To give you an idea what that means, most political scientists classify Putin's Russia as an highly advanced "managed democracy," i.e. not quite a full authoritarian state, because a few dissenting voices are still tolerated, but it is getting there.

Norquist's version of "managed democracy" was essentially government by ideology: as he told his Harvard classmate, former Massachusetts Governor Deval Patrick, he would stamp out liberalism by recruiting politicians who "will make it so that a Democrat cannot govern as a Democrat."

To the pure at heart, Republicans were as big a problem as liberals: thus, Norquist's Americans for Tax Reform, along with groups like the Heritage Foundation that today define authentic conservatism for the party.

More recently, the Koch brothers' Americans for Prosperity was established to purge ideologically impure Republicans in primaries. Their decades of work inevitably led to the congressional Freedom Caucus, which stands for those who believe in governing from an ideological foundation.

Significantly, Norquist has never held public office. Newt Gingrich has, so his approach to "managed democracy" relied more on fixing the system, through gerrymandered districts, voter ID laws that both limit voting rights while controlling who is permitted to vote and, most important, Gingrich's 1995 decree that House Republicans would govern by a "majority of the majority." Today it is misnamed the "Hastert Rule," but there is a better known and more appropriate term for "majority of the majority" and that is "one-party rule."

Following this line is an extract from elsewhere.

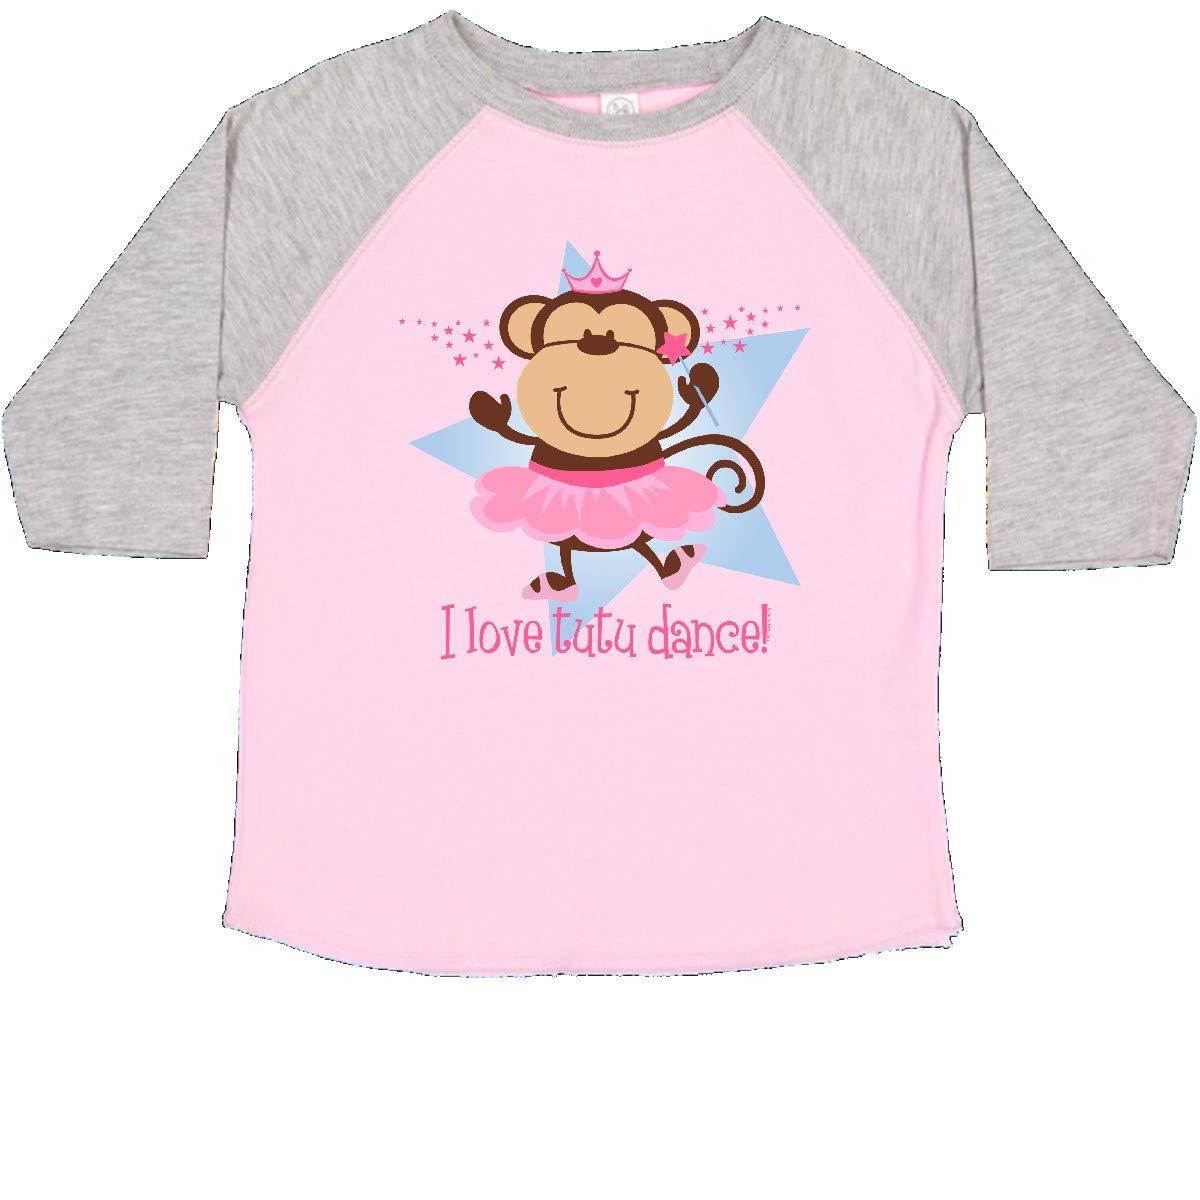 inktastic Monkey Love Tutu Dance Toddler T-Shirt

In today's Republican House, no bill passes unless a majority of the Republican House majority supports it. Thus the Obamacare battle now comes down to Ryan and Trump using their "majority of the majority" tactics to cow both the House and Senate into passing a bill masquerading as "health care reform" to finance their wet dream of a tax plan for the super rich.

Meanwhile, a small clique of ideological purists who insist the Ryan-Trump bill is a political sellout that protects too much of Obamacare is standing in the way. So despite universal opposition to their bill being loudly expressed by medical societies, hospital associations, the AARP and dozens of other interest groups, House Republican leaders are doing all they can to strongarm the bill's passage.

And a few Freedom Caucus leaders are invoking their version of Martin Luther's message to the Diet of Worms: "Here I shall make my stand, I can do nothing else."

The irony here is that progressives or anyone else who opposes Trump's larger agenda now have no choice but to cheer on the Freedom Caucus. While its members may not support a single principle progressives believe in, they are political insiders, and for now, the only hope America has of derailing the train before it leaves the station.

Peter Lindstrom is a political consultant and writer living in Washington, D.C.